→ Exercise details:
Ignoring every picture, return the lines of the listing below word for word, from the line that holds "Estatísticas do jogo" through the line that holds "인기…누가 쓰면 이득?".

→ Task input:
========================================

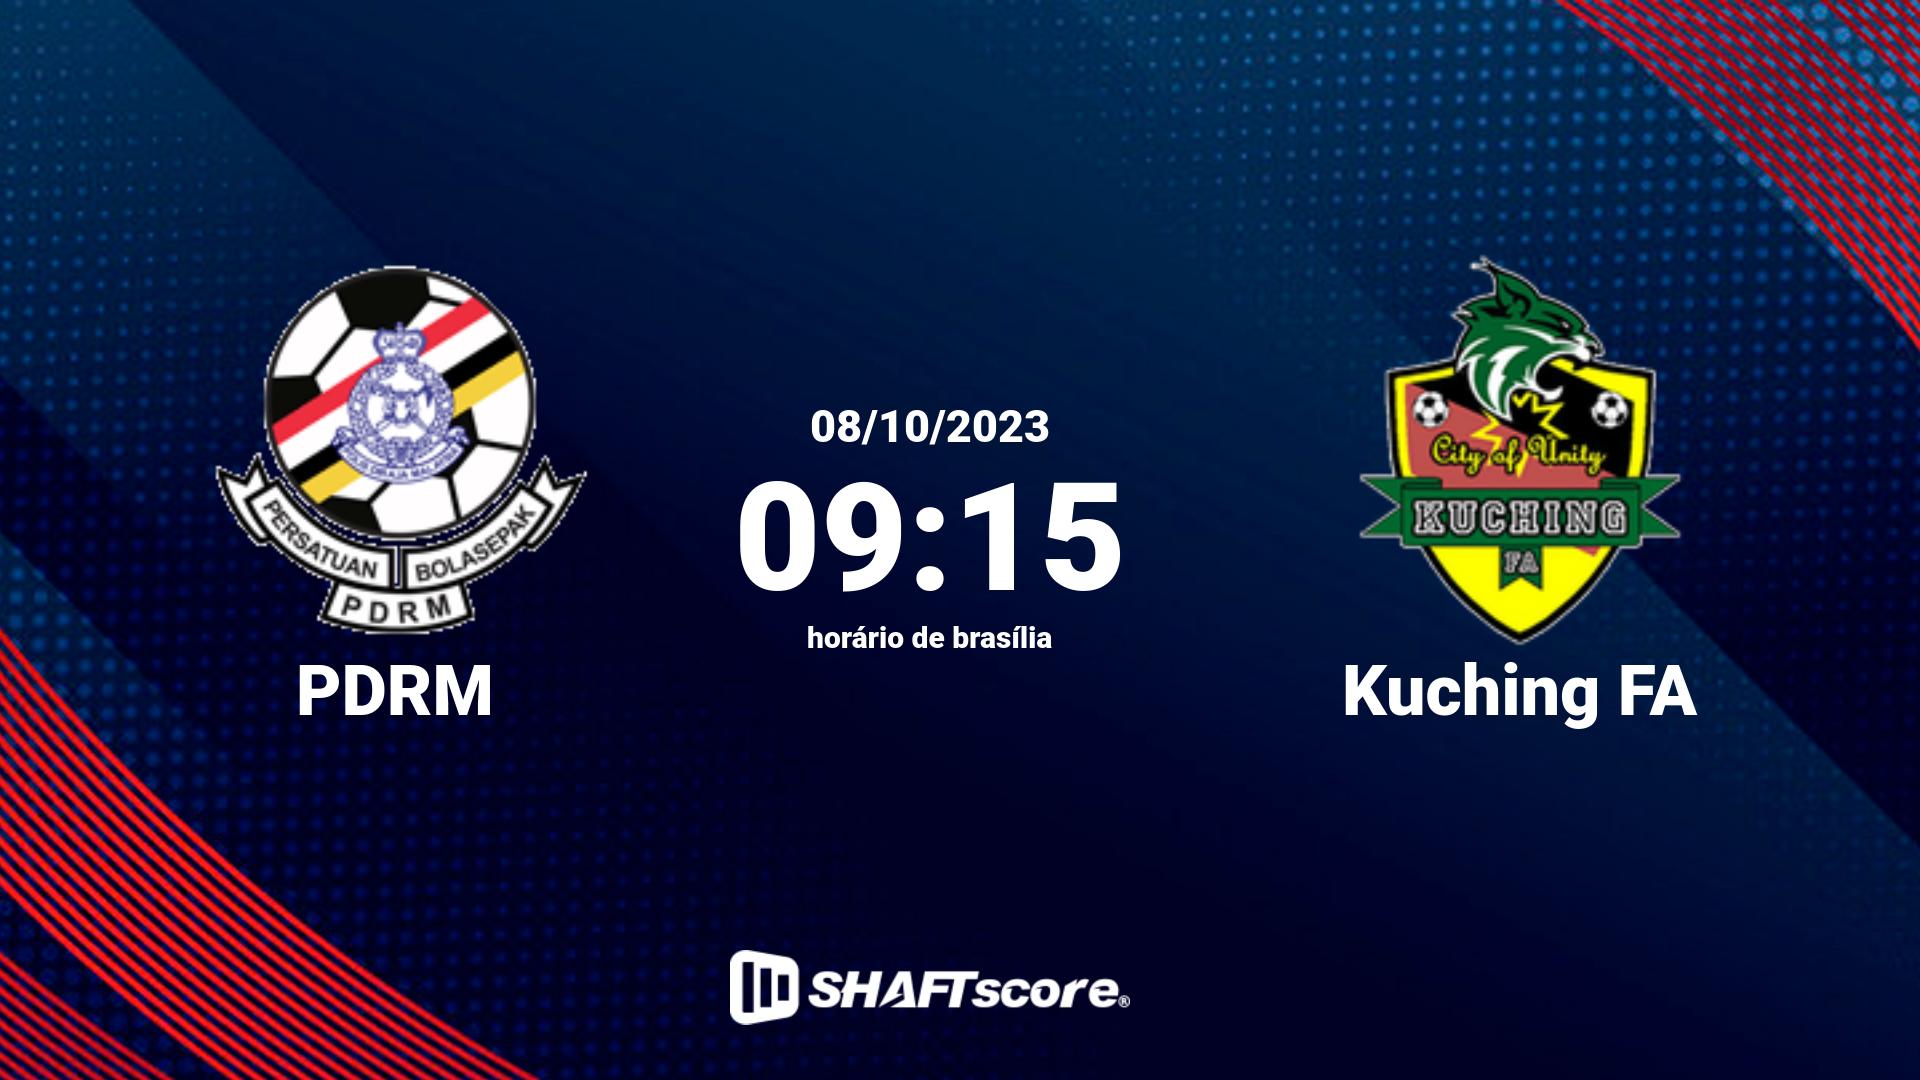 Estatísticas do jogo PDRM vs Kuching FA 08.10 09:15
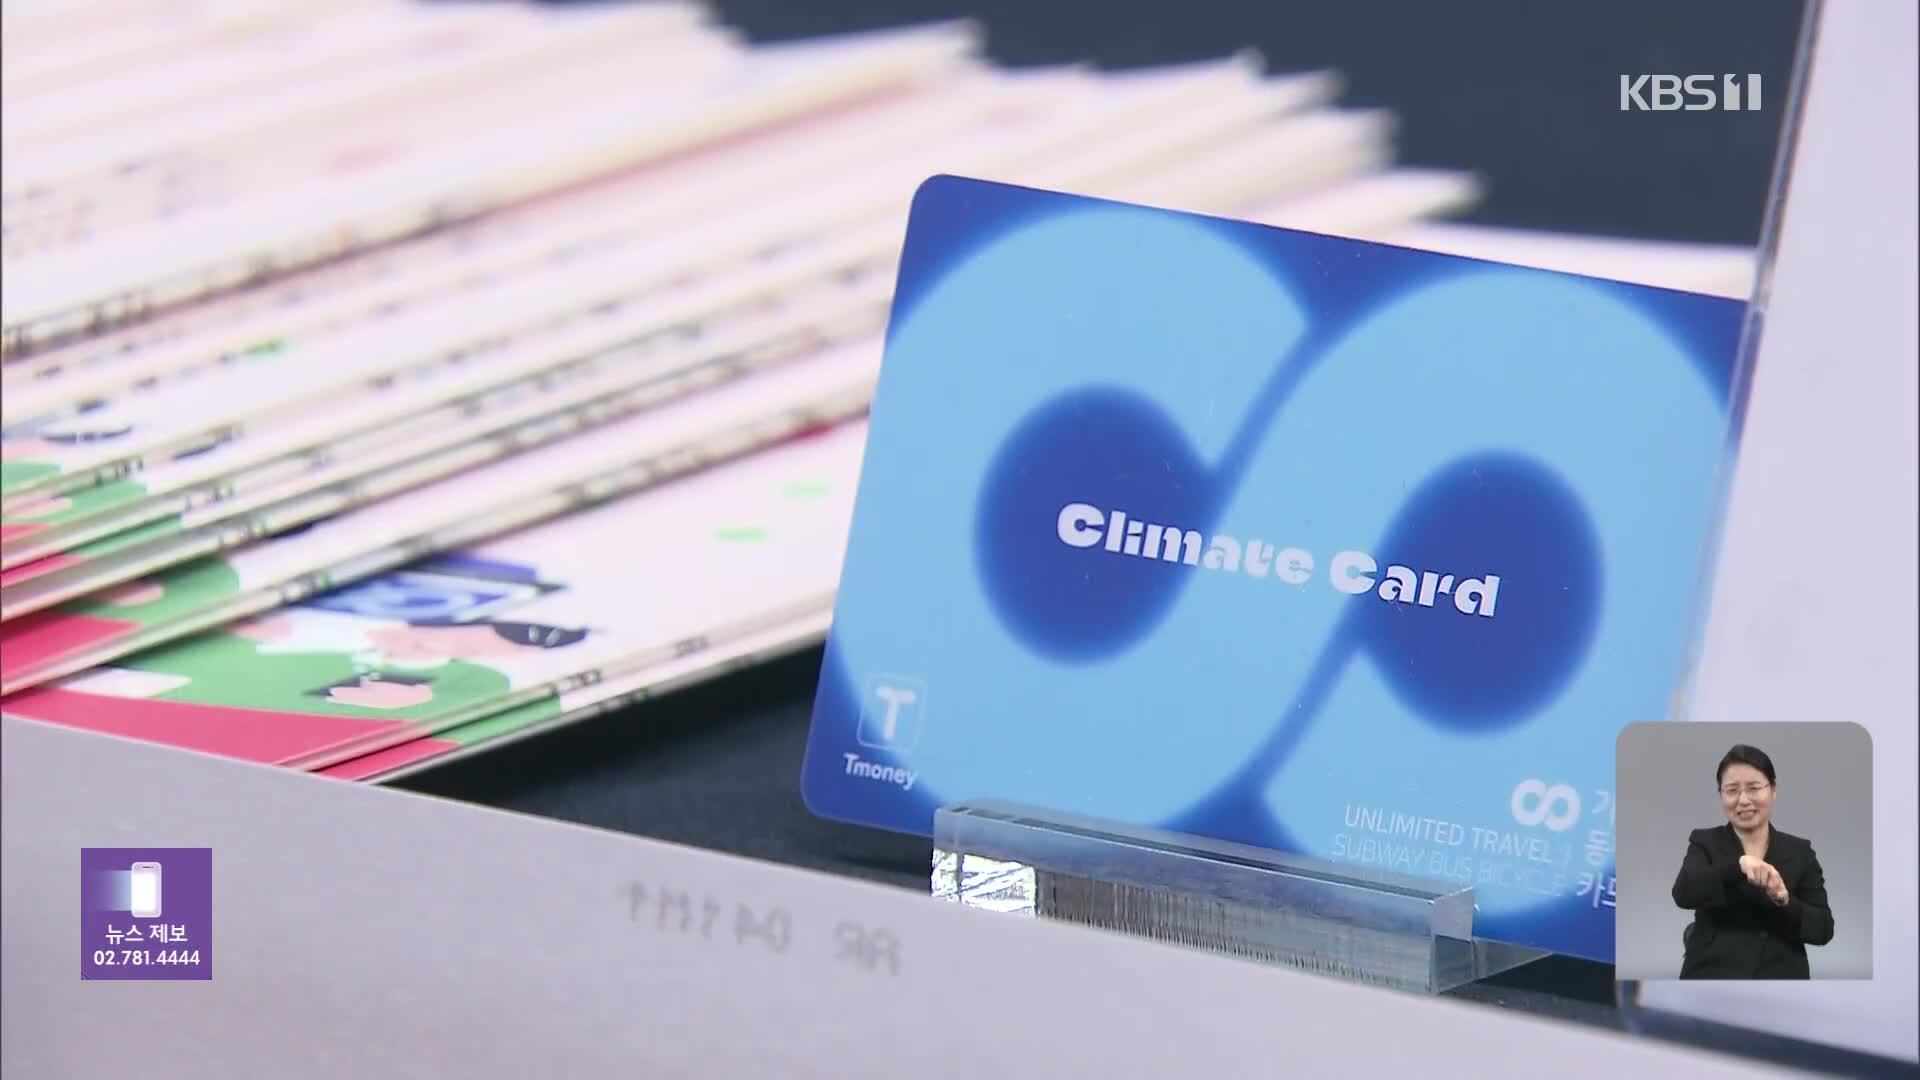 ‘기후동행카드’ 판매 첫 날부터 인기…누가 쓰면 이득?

========================================

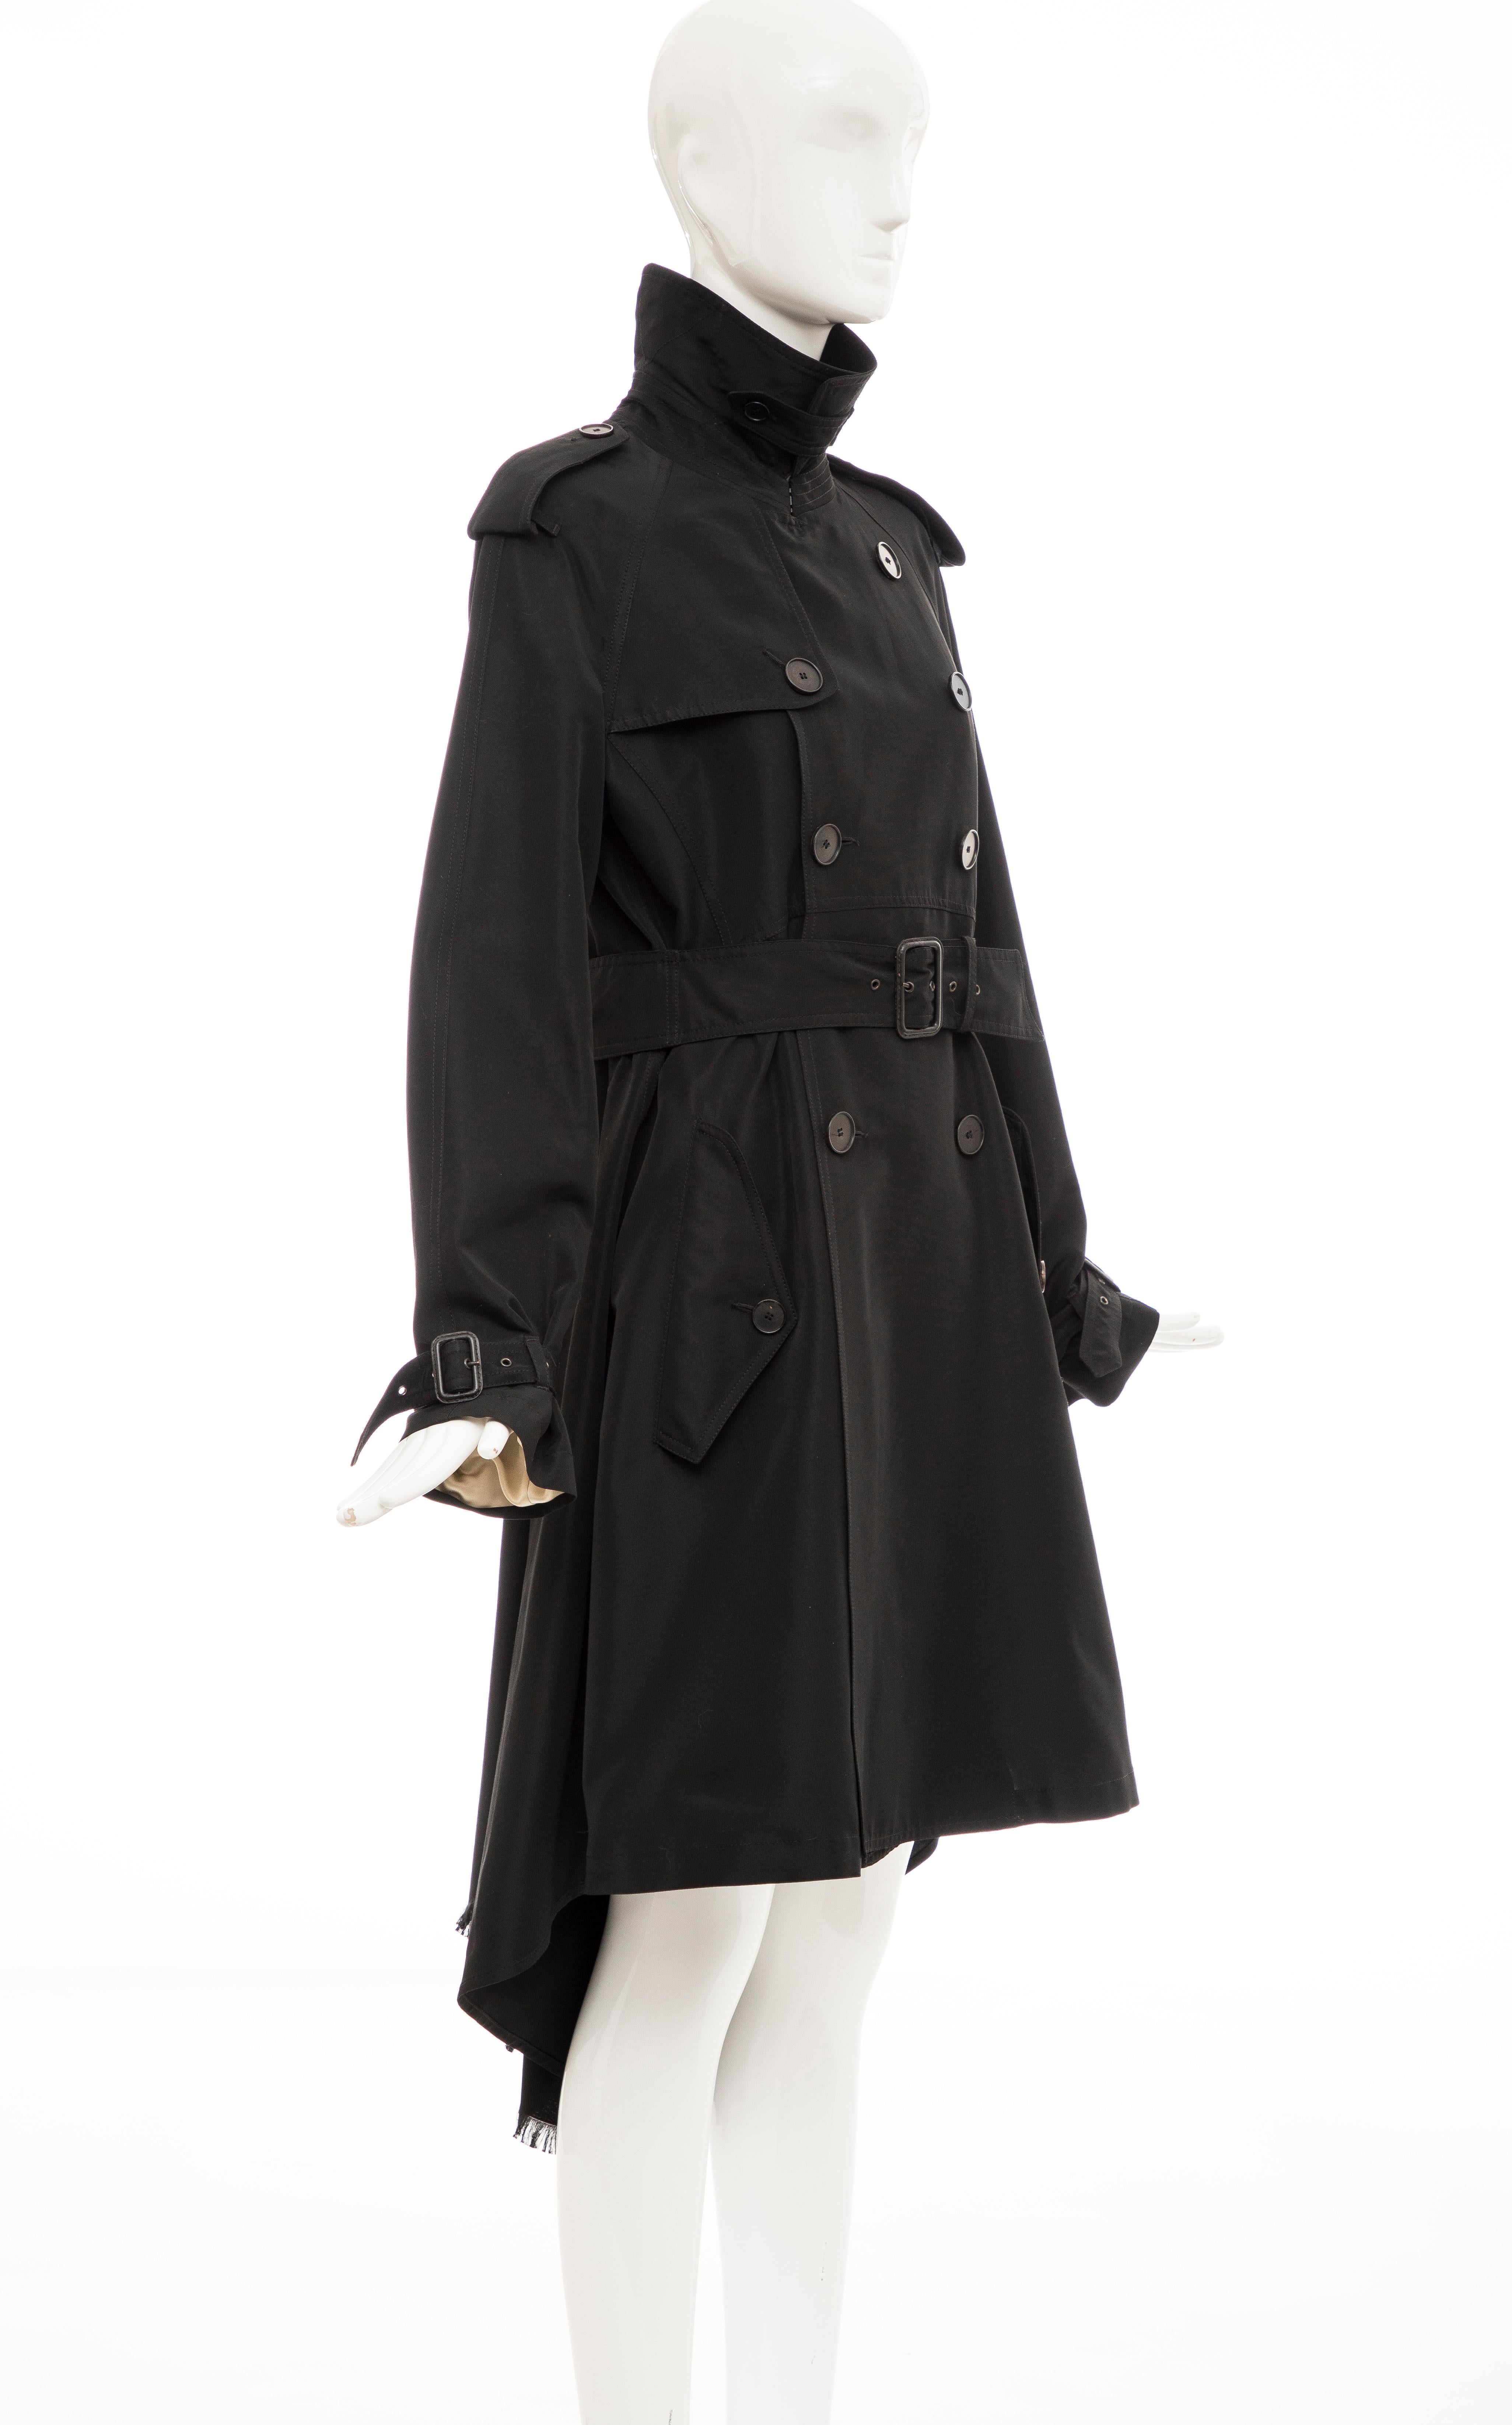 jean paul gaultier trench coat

========================================

→ Answer section:
 Estatísticas do jogo PDRM vs Kuching FA 08.10 09:15
 ‘기후동행카드’ 판매 첫 날부터 인기…누가 쓰면 이득?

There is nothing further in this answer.